WHAT THIS TASK INVOLVES:
Restate word for word the lines of the material below, from the line with "Pre-owned Hermes Women's" to the line with "Enneagram ESFP and", both lines included, and no others.

AVAILABLE RECORDS:
□ □ □ □ □ □ □

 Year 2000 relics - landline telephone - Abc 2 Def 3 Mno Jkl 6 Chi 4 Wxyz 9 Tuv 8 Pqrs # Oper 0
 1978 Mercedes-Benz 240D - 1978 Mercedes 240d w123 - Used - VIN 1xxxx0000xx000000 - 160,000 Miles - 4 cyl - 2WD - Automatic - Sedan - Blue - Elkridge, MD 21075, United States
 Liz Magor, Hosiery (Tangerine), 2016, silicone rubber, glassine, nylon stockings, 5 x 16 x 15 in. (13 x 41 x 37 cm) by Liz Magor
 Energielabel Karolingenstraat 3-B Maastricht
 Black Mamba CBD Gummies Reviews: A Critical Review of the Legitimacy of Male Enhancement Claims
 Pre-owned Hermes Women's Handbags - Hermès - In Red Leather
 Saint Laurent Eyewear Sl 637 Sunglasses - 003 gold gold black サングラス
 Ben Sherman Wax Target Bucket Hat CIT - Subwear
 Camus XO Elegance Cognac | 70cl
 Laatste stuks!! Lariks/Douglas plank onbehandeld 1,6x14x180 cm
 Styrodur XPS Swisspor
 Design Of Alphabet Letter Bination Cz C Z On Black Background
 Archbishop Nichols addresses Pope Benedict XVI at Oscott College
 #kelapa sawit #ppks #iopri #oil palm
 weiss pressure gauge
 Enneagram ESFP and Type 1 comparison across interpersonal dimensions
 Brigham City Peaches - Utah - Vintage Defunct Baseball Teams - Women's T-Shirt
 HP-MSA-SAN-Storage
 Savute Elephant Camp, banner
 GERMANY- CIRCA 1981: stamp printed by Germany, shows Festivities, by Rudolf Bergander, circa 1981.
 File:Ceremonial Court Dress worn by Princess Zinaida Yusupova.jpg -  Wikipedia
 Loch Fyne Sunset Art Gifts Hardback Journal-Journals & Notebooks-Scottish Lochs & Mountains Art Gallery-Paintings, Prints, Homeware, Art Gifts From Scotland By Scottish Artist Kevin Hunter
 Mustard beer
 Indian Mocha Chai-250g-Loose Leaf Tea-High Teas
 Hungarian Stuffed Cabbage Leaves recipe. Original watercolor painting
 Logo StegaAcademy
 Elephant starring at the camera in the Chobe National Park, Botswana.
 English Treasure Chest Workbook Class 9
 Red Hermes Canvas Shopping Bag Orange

□ □ □ □ □ □ □

ANSWER SPACE:
 Pre-owned Hermes Women's Handbags - Hermès - In Red Leather
 Saint Laurent Eyewear Sl 637 Sunglasses - 003 gold gold black サングラス
 Ben Sherman Wax Target Bucket Hat CIT - Subwear
 Camus XO Elegance Cognac | 70cl
 Laatste stuks!! Lariks/Douglas plank onbehandeld 1,6x14x180 cm
 Styrodur XPS Swisspor
 Design Of Alphabet Letter Bination Cz C Z On Black Background
 Archbishop Nichols addresses Pope Benedict XVI at Oscott College
 #kelapa sawit #ppks #iopri #oil palm
 weiss pressure gauge
 Enneagram ESFP and Type 1 comparison across interpersonal dimensions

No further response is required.